A production equally as fussy, and equally predictable in plot must be Mandla Langa and Hugh Masekela’s Milestones. Set around the crisis of ownership of a piece of land surrounding a village called Ngoza, Langa’s text tries too hard to say too much, instead of telling a simple story of people living at the mercy of history. The work is to some degree redeemed by Masekela’s wonderful tunes.
Basically, Ngoza falls foul of the spirits, evil that can only be purged a generation later by the successor to a leader called Baba Joshua (Owen Sejake). This turns out to be Joshua’s daughter Zodwa (Gloria Bosman) who, upon the death of her father, rises to responsibility, showing the triumph of human strength.
Nomsa Manaka’s choreography, coupled with garish traditional costumes by Lyn Leventhorpe, create something of a Sun City extravaganza, on an African renaissance theme.
Zenzi Mbuli’s Boots and Malcolm Purkey’s Love, Crime and Johannesburg show two opposite faces of Johannesburg. The first, a lighthearted display of gumboot dancing, seems to work against a realistic depiction of the hardship experienced by men on the mines. But what the hell, like a local version of the famed Irish Riverdance, its virtuoso cast delight in what they do – and will no doubt delight audiences across the globe.
While it enjoyed a small revival in the late Eighties, these days the Brechtian form isn’t popular at all. As a result, Love, Crime and Johannesburg, with all its merits, will probably battle for audiences when it runs in Johannesburg later this month.
It is Brett Bailey then – the Stromboli of community theatre – who is engineering a new route for big, barrier breaking, sensational dramas, of interest to a broad audience.

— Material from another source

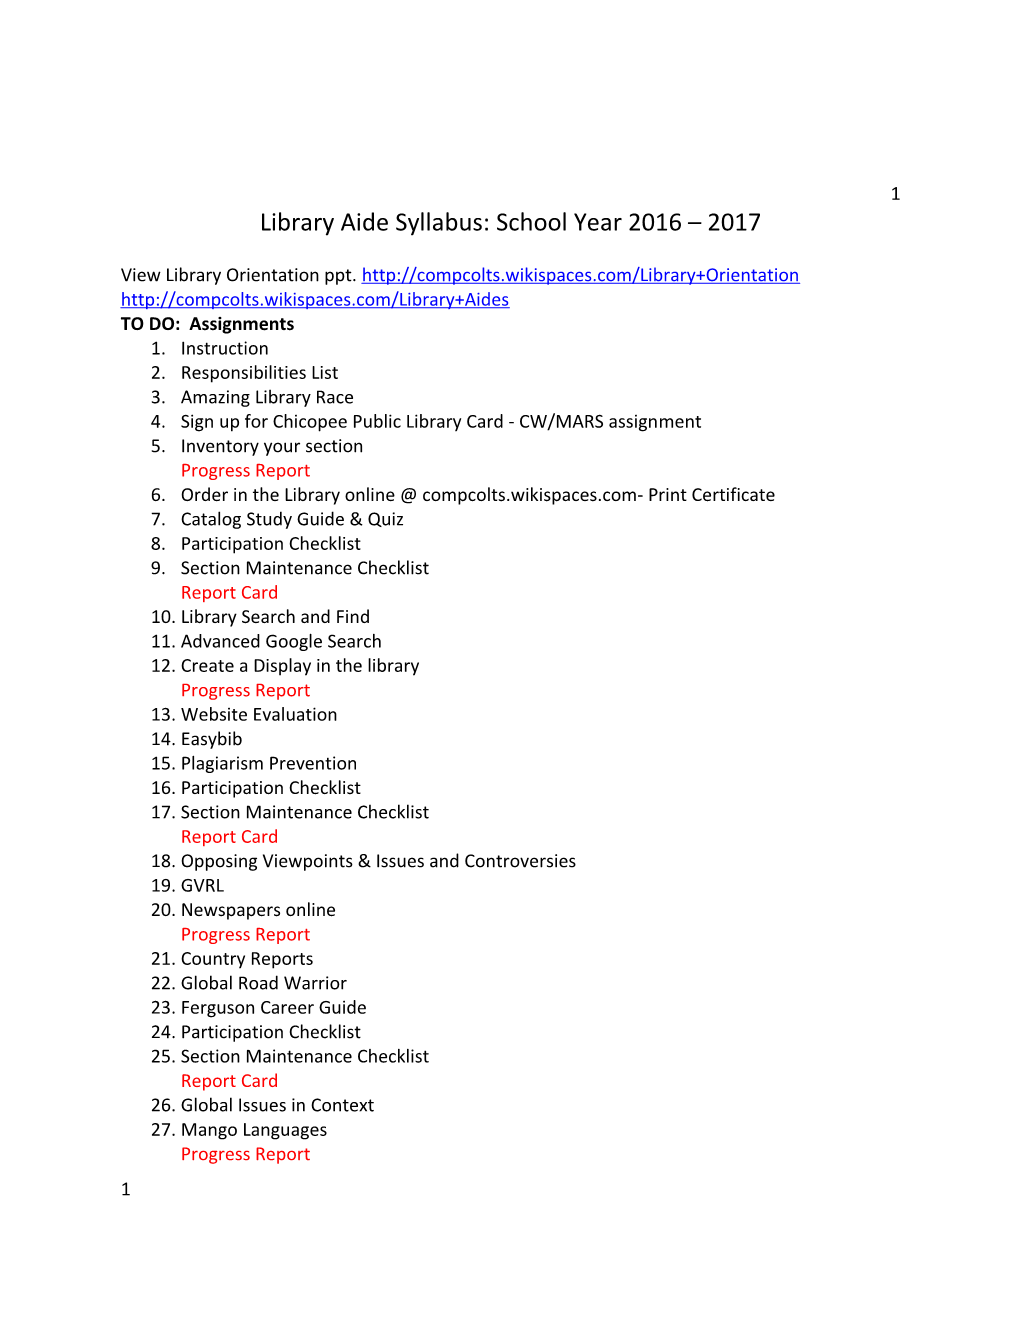 Library Aide Syllabus: School Year 2016 2017

His decision to dramatise the experience of Nongqawuse, the Xhosa seer whose visions brought disaster for her people, has been highly controversial. Not because people have openly criticised Bailey’s methods, but because everybody knows that in the telling of traditional African stories, sensitivities run high.
The Prophet definitely stuck out as possibly the most original work on show this year, its only failing being in the use of 10 child actors who seemed ill- qualified to carry some of the narrative weight they were given.
The success of Handspring Puppet Company and William Kentridge at theatre festivals across the world has definitely whetted the appetites of other major practitioners in the country. With a sense of dire greed, a lot of this work seems to have been tailor- made for world tours – i nstead of simply making sense to the audience at home.
As a result we have a season of drama coming from Grahamstown that, for the most part, tries too hard to impress.